The difference between war in Society and war in Nature depends on when they conclude. In Society, war ends when the "actual force is over," because both parties can then resort to the common authorities for arbitration of past wrongs. In Nature, war does not end until the aggressive party offers peace and reparations for the damage done; until then, the innocent party has a right to try to destroy the aggressor. Locke notes that in the presence of a common authority that fails to act justly, the only possible state is a state of war, because the arbitrating power in place to stop war is itself in violation of the laws of nature and justice. Locke ends the chapter by noting that one of the major reasons people enter into society is to avoid the state of war, for the presence of a supreme power limits the necessity for war and increases stability and security.

Locke starts Chapter 4 by defining natural liberty as a person's right to be ruled solely by the laws of nature, and social liberty as the right to be under no legislative power other than that founded by the consent of the commonwealth, functioning for the commonwealth's benefit.

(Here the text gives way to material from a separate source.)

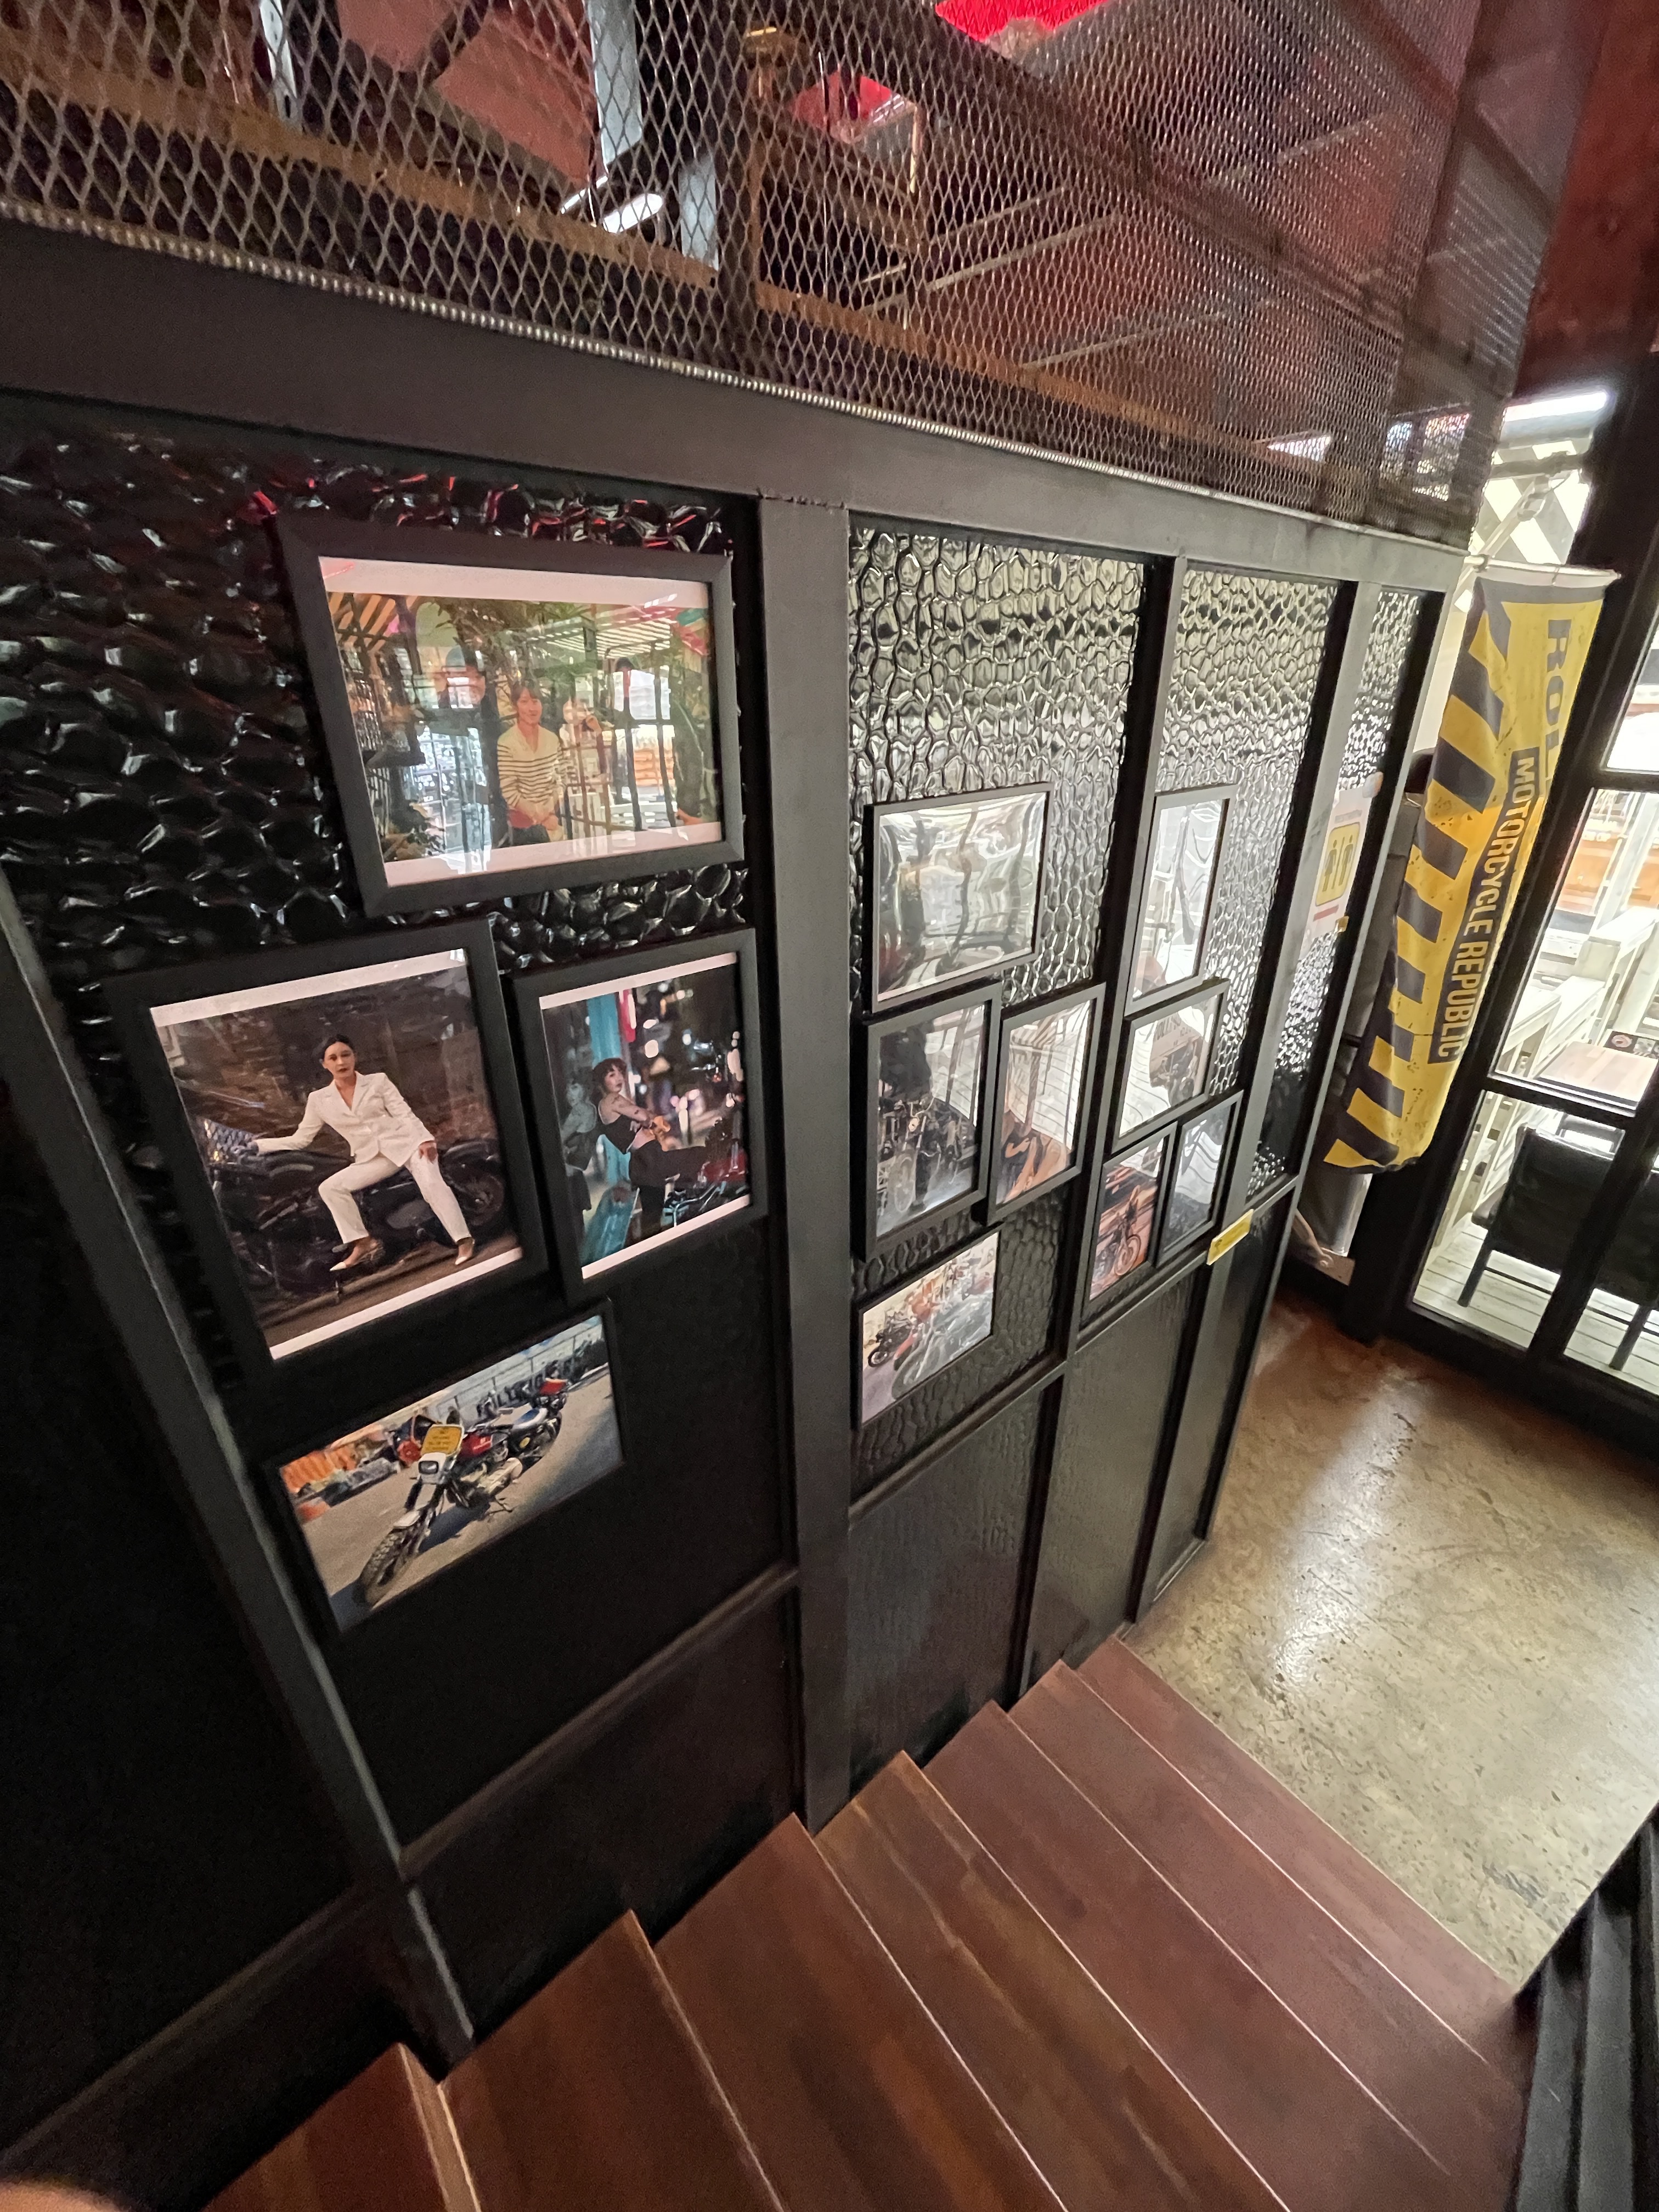 롤링트라이브 카페 내부의 2층 계단과 사진들

Locke bases his ideas about slavery on the idea that freedom from arbitrary, absolute power is so fundamental that, even if one sought to, one could not relinquish it; it is therefore impossible for one to enlist into slavery voluntarily. The only possible state of slavery is the extension of the state of war, between a lawful conqueror and a captive, when the captive has been forced into obedience. Locke notes that even in Exodus, the Jews did not sell themselves into slavery, but simply into drudgery, for their masters did not have full power over their lives, and therefore, did not have full control over their liberty.

Chapter 5: Of PropertySummary

Locke starts by stating that, whether by natural reason or the word of the Bible, the earth can be considered the property of people in common to use for their survival and benefit. He then posits a key question: if the earth and everything on it is the common property of humankind, how does one come upon individual property?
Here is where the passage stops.